A study on Arel-Ezgi-Uzdilek’s tone-system
Available sources that discuss Turkish music theory date back to Farâbî (10th century). While some studies with new theoretical understandings have been conducted since then, some others could not have gone beyond repeating the previous ones. Important music researchers, such as Farâbî and İbn-i Sînâ (11th century), carried out significant studies on Turkish music theory. However, the tone system studies of Safiyüddin Urmevî, who lived in the 13th century, have attracted more attention than studies conducted a few centuries before and after him.
Centuries after Safiyüddin, the 24-fret system, which was first described by Rauf Yekta in the 20th century and then by Hüseyin Saadettin Arel, Suphi Ezgi, and Salih Murat Uzdilek with minor changes, flamed the tone system issue in Turkish music.
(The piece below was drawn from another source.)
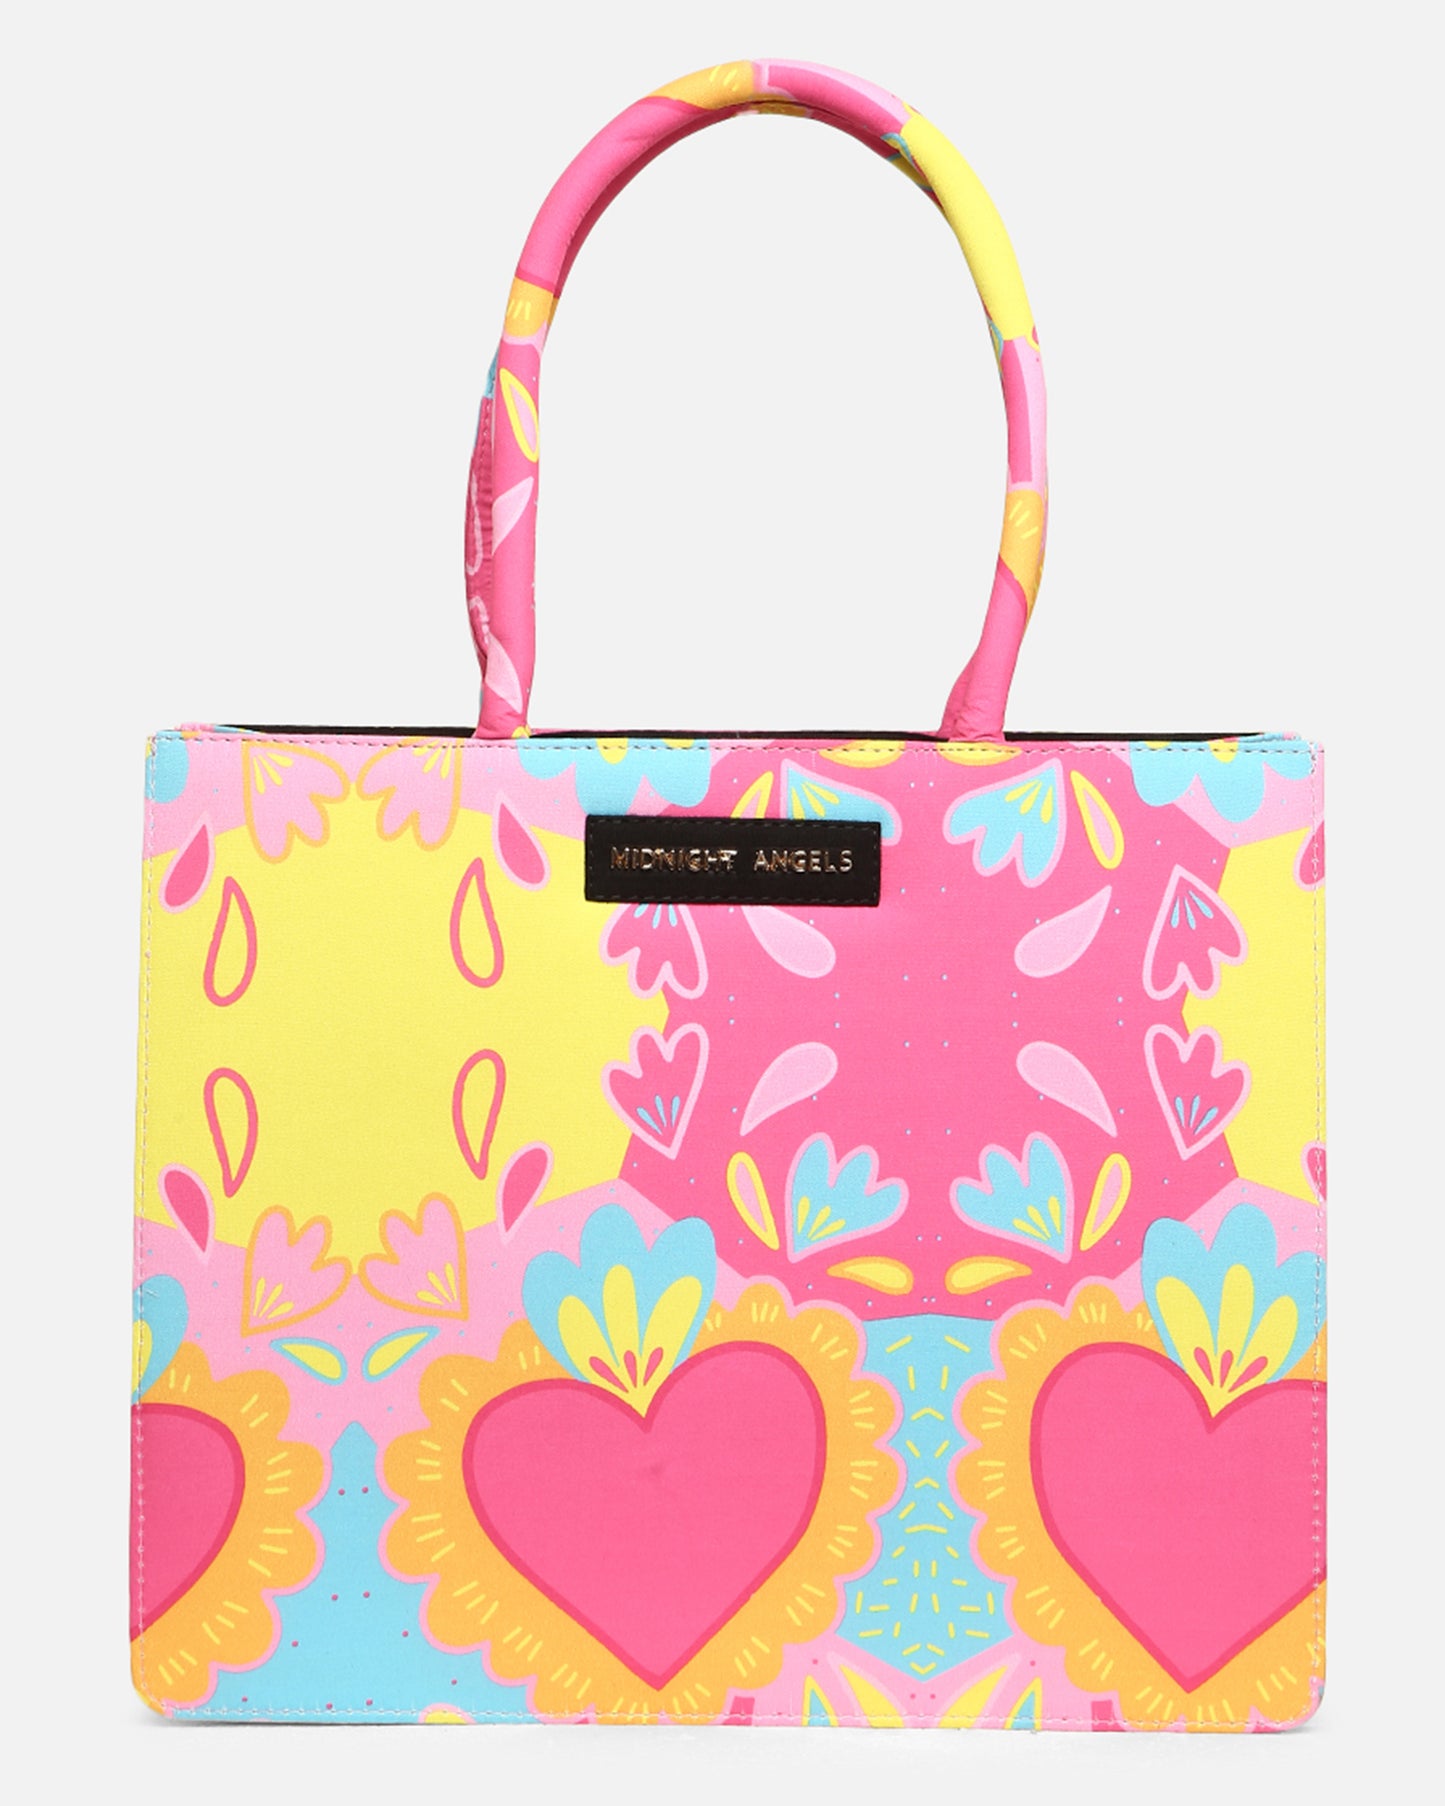 Hearty Land Tote Bag

While examining the 24 unequal interval tone system discussed in the present study, as can be understood from the title, the works of Rauf Yekta Bey were not addressed as the same as Arel-Ezgi-Uzdilek. The reason for this is that Yekta’s using different terminology (limma instead of bakiye, apotom instead of kucuk mucennep, etc.), although at the same rates, in dividing the binary interval, his showing the main scale on the Yegâh fret, and, thus, showing the Iraq and Segâh frets as the elements of the main scale, and using modifying signs different from Arel could lead to terminological confusion in the manuscript.
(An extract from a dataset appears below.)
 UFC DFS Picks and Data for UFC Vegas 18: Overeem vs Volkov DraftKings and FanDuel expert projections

As stated by Arel in the “Turkish Musical Theory Courses (1993),” the 24 unequal interval system obtained by the transposition of special fifths and fourths, which are useful for the scale formation, to all tones of the maqam scale named “Kürdîli Çargâh” by Arel (created with the addition of the Bûselik fourth to the Çargâh fifth) and 11 fifths starting from the Çargâh fret to a high-pitched voice, and 12 fourths starting again from this tone to a high-pitched voice, was generally accepted as the best system that could be used to express Turkish music. In this sense, it has overshadowed Safiyüddin’s system and many other system proposals that have been put forward after it.
The 24-fret system in question has been used in Turkish music for decades. However, studies conducted by researchers in the 21st century, which we discussed under the title of “related studies,” show that there are differences between this system used in Turkish music education and their performances. Furthermore, in the system, the fact that the frets in some semitone and whole-tone intervals are not in the other semitone and whole-tone intervals and the emergence of non-system tones by the transposition of special fourths, which are of great importance in Turkish music, to some frets are also among the reasons leading to the questioning of the system.
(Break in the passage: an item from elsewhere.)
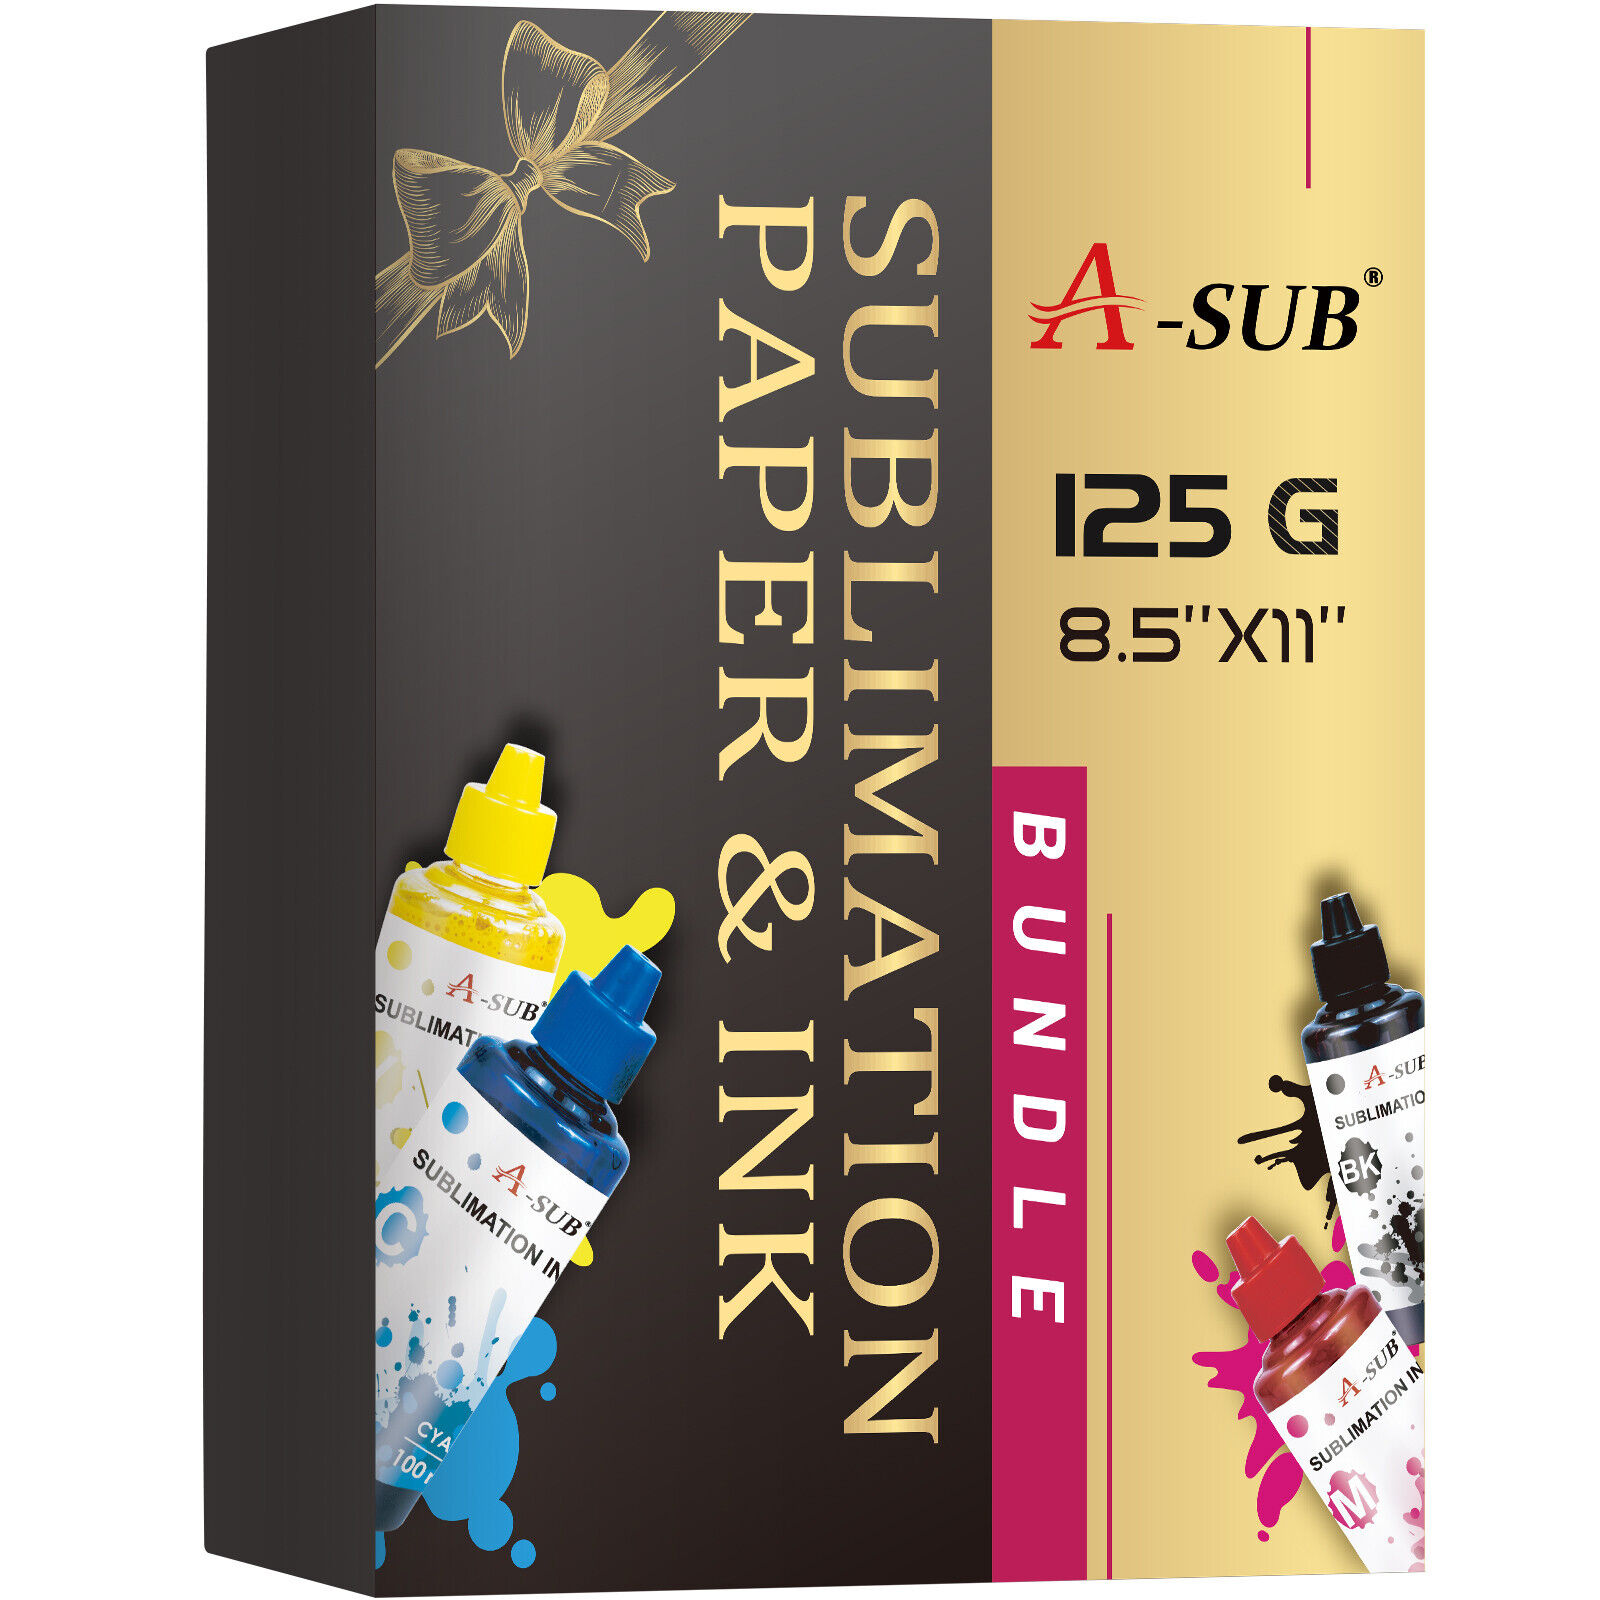 A-SUB Sublimation Starter Kit - A-SUB Sublimation Paper and Sublimation Ink

For these reasons, Arel-Ezgi-Uzdilek’s tone system was discussed in our study and examined in two different ways. Our study does not claim to introduce a new tone system but attempts to follow the path of Arel to show all the frets that can be obtained in this tone system. This study has been conducted not because we believe that the Turkish music tone system can be determined in this way, but because we want to discover and show the end of the path that we think has been left incomplete.
Accordingly, Arel’s chain of fourths was discussed first. The new frets emerging through continuing the cycle completed in the twelfth step from where it was left were noted and continued until the “do” tone, which is the beginning tone of the cycle in the fifty-third step, was regained. Since the same data were obtained by maintaining the fifths instead of the fourths, the chain of fifths was not included additionally.
Afterward, the process of the transposition of special fourths, which is the second way in which Arel provided his system, was discussed. The fourths transposed to the tones of a single scale by Arel were transposed to all the frets in the system, and the resulting frets were noted. In the next step, the fourths were also transposed to the new frets noted, and the transposition process was completed when it became clear that no new fret would emerge. Thus, the same conclusion was reached both by maintaining the chain of fourths and by the transposition of special fourths to all the frets. As a result of the study, by using different methods, it was once again demonstrated that the 24-fret system in question is insufficient to express Turkish music fully.
The said system leaves an incomplete impression both in terms of the repetition number of the chain of fourths/fifths and the transposition of special fourths and fifths. The chain was completed before all the frets used in practice were determined. On the other hand, Arel regards the frets that emerge only by the transposition of special fourths, the importance of which he emphasizes, to a certain scale as sufficient. His transpositions are not based on the Çargâh scale, which he accepts as the main scale, but on a scale called ‘Kürdîli Çargâh.’ Thus, by transposing the Uşşak fifth to the Kürdî fret instead of Bûselik, he both proves the Dik Bûselik fret obtained with the chain of fourths and prevents the non-system “Do#1” fret, which will emerge with a Hicaz fourth to be written on the Bûselik fret. Furthermore, as seen from the various technical analysis studies that we shared in the “related studies” section, the frets that are present in performance but not in Arel’s system are needed.